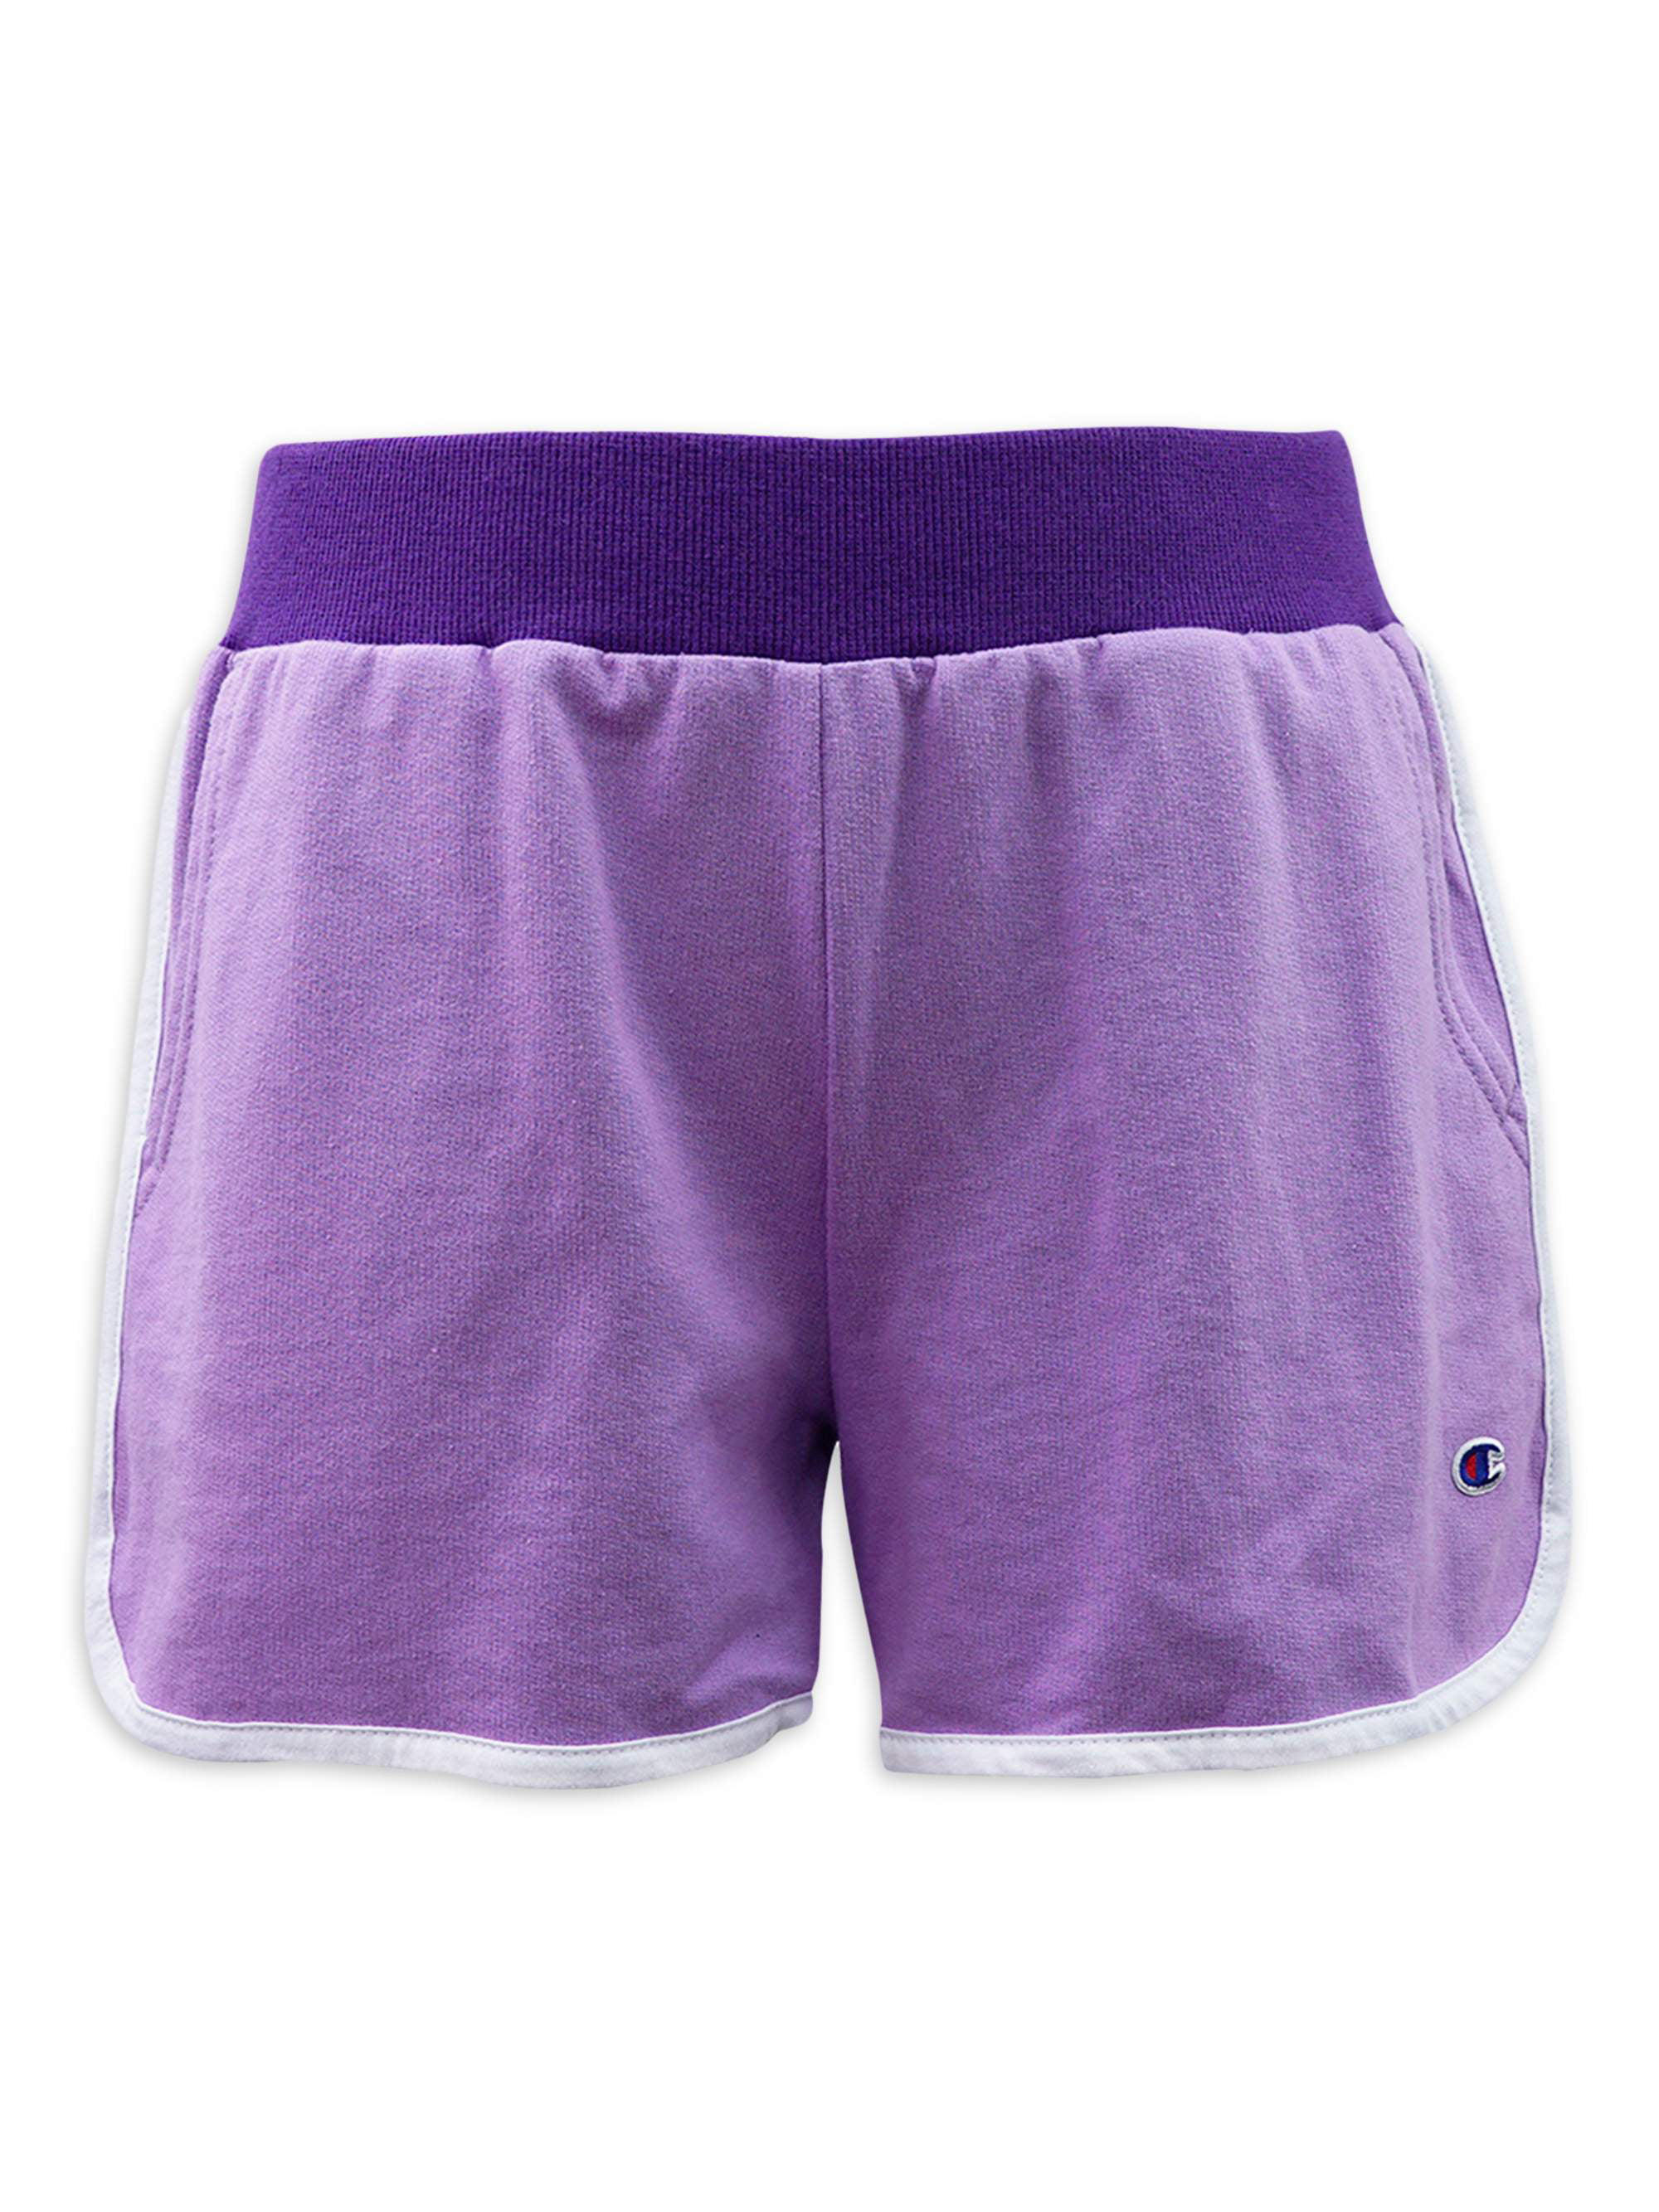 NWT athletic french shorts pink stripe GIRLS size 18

========================

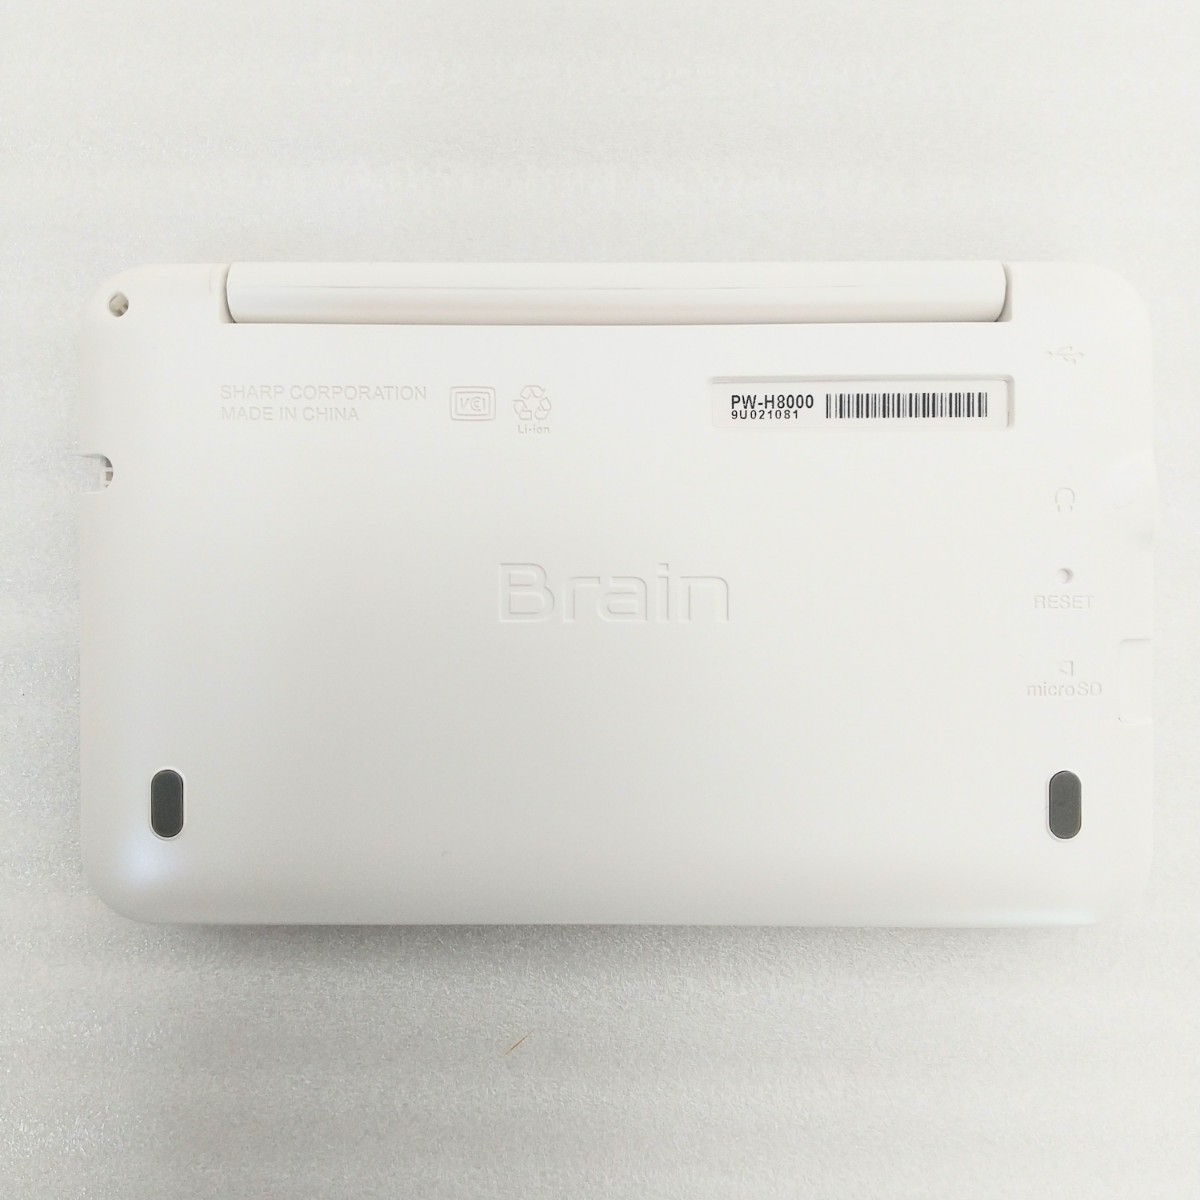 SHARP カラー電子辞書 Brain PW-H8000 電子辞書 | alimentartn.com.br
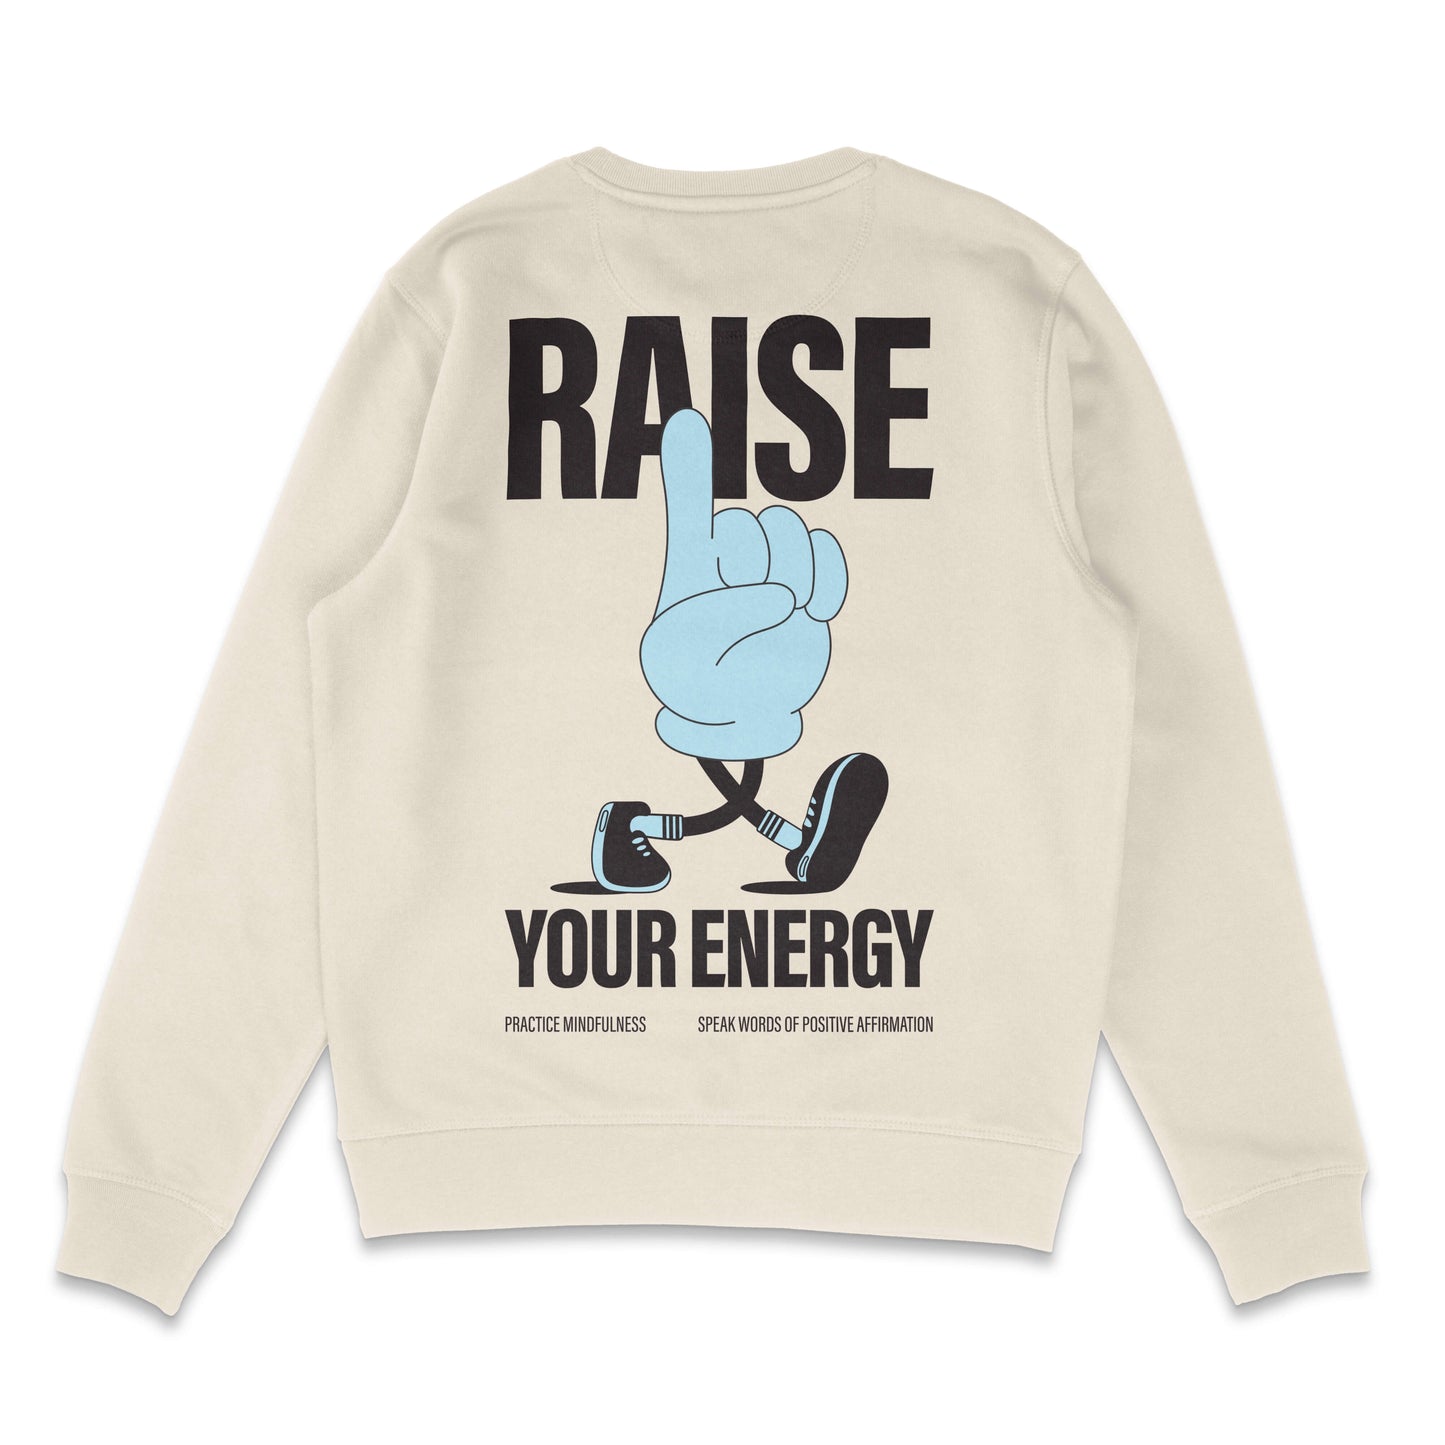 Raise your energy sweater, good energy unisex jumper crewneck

========================

▸ WHAT THE TASK REQUIRES
The answer must be the lines above from the one containing "SHARP カラー電子辞書 Brain" through the one containing "Raise your energy", reproduced exactly, with no pictures and nothing else.

▸ YOUR SOLUTION
 SHARP カラー電子辞書 Brain PW-H8000 電子辞書 | alimentartn.com.br
 Raise your energy sweater, good energy unisex jumper crewneck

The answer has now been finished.